Um paralelo como esse pode ajudar a explicar o porquê do humor, sobretudo por essas terras, ser considerado uma forma de arte menor, ou pior; sequer ser considerado arte.

Mas ser subestimado e ter seu título renegado não é privilégio apenas do humor.
Como "moda" pode ser arte? Como aquilo que todos nós fazemos todos os dias antes de sair de casa pode ser considerado um meio de manifestação artística? Assim como no humor, esta visão se dá por basicamente dois fatores: imersão e não-desenvolvimento.

1. Por imersão quero dizer que: se é uma coisa que você vê todo dia, faz todo dia, usa todo dia, isso não pode ser arte. Arte é aquela coisa séria e distante que custa caro, não se entende picas e que apenas os gênios, malucos e os veados fazem. E veado é o teu pai.

2. Por não-desenvolvimento quero dizer que: se não há uma busca para um resultado específico naquilo que você faz, dificilmente você conseguirá enxergar arte ali. E quem é que pode culpar um povo por não exergar arte no humor e na moda quando o vestuário existe apenas por conta de uma cara convenção social e o humor é utilizado como um alento, uma forma mais fácil de encarar a vida?

A identidade do humor brasileiro está no deboche, na dor. Está nas raízes etimológicas da palavra “comédia”. Mas não há arte onde não existe desenvolvimento artístico. O humor britânico, por exemplo, diferentemente do humor brasileiro que é usado como um substituto natural e gratuito à morfina, é usado pelos ingleses há séculos como uma forma de esgrima social. Os ingleses estão sempre aperfeiçoando suas técnicas, testando novos movimentos, afiando seus floretes verbais, enquanto que aqui é a situação que determina a existência e o teor da piada.
A intenção e a busca pelo desenvolvimento, seja do que for, faz com que este seja-o-que-for nasça em você sob forma de arte. É quando ela deixa de ser alegoria da mensagem para ser sua estrutura. Mas este é apenas o processo que deve existir no receptor, para o artísta é ainda necessário repertório, engenhosidade e principalmente talento para expressar o seu discurso.

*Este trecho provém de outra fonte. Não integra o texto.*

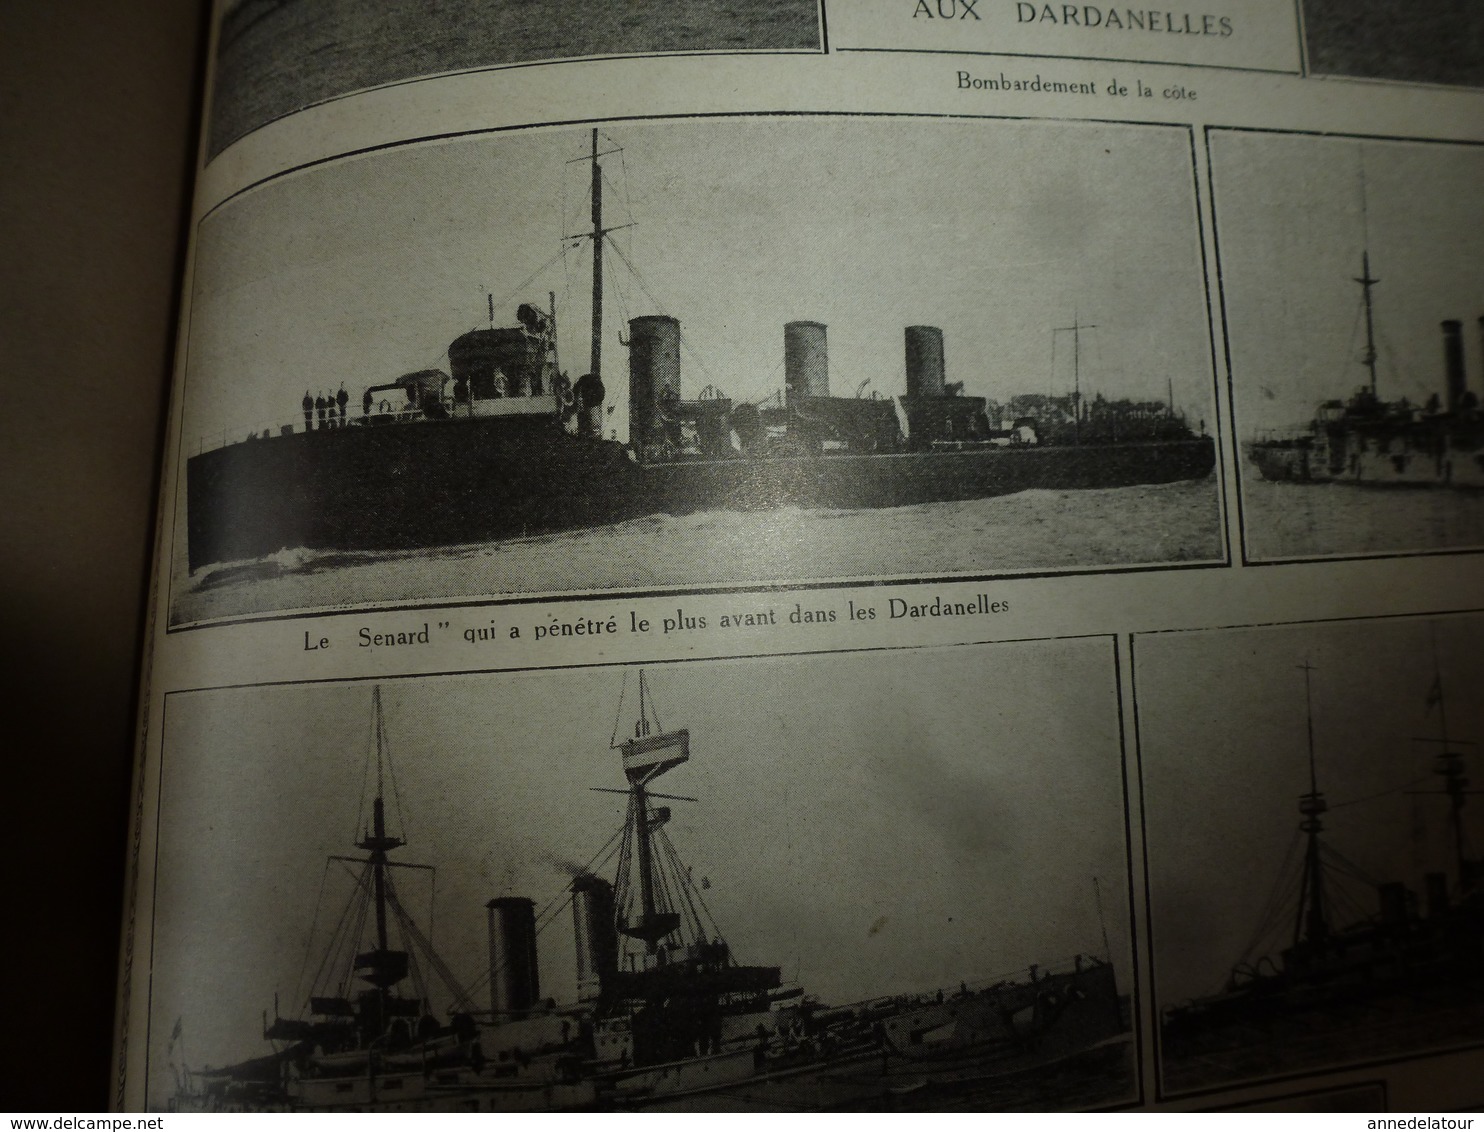 1914-18 LA GUERRE DOCUMENTÉE:Gallipoli;Canada,Australie et GB dans Dardanelles;Les navires;Charge à la baïonnette;etc

Quando se percebe isso fica claro que não é possível fazer humor “tailor made”, coisa que infelizmente vem há tempos acontecendo em nosso cenário local impedindo a sua evolução. Salvo raríssimas exceções, tudo o que temos são comédias tolas, programas de auditório jurássicos, sitcoms baratos, escritos por redatores que acreditam terem encontrado a fórmula mágica perene da estrutura humorística e encenada por atores que tem ainda menos carisma do que cromossomos. Todos eles insultando a inteligência de seus espectadores ao passo em que perpetuam uma herança maldita naquilo que deveria de fato ser uma especie de patrimônio nacional.

Com o tempo o melhor do humor foi sendo jogado às formas menores e mais segmentadas de mídia, tanto que antes da chegada da internet o que havia de melhor no humor estava nas rádios. Com o início dos blogs esta lacuna começou a ser preenchida aos poucos por alguns bloggers bastante talentosos, gente que não ganhava nada escrevendo o que escreviam, e que estavam lá apenas dando vasão a seus sentimentos e criações. A interatividade do meio ajudou na formação de um público cativo que conseguia se organizar entre si, e desde que o humor nacional estava oficialmente morto com o declínio d’O Pasquim e o cancelamento da TV Pirata em 92 (que já agonizava a partir de 90), não era de se estranhar que o humor dessa geração fosse uma verdadeira antropofagia daquilo que lhes serviu de refugio em tempos de crise: Simpsons, Monty Python, Seinfeld, Mel Brooks, Irmãos Marx, Douglas Adams, Terry Pratchett, etc.

Hoje, com as atenções todas voltadas à internet, ensaia-se um movimento reverso do conteúdo. Assim como aconteceu com a música recentemente, onde as bandas popularmente demandadas começaram a saltar das mp3 para o main stage, estamos vendo lentamente este pessoal ganhando forma nos meios mais tradicionais e por consequencia chegando ao grande público.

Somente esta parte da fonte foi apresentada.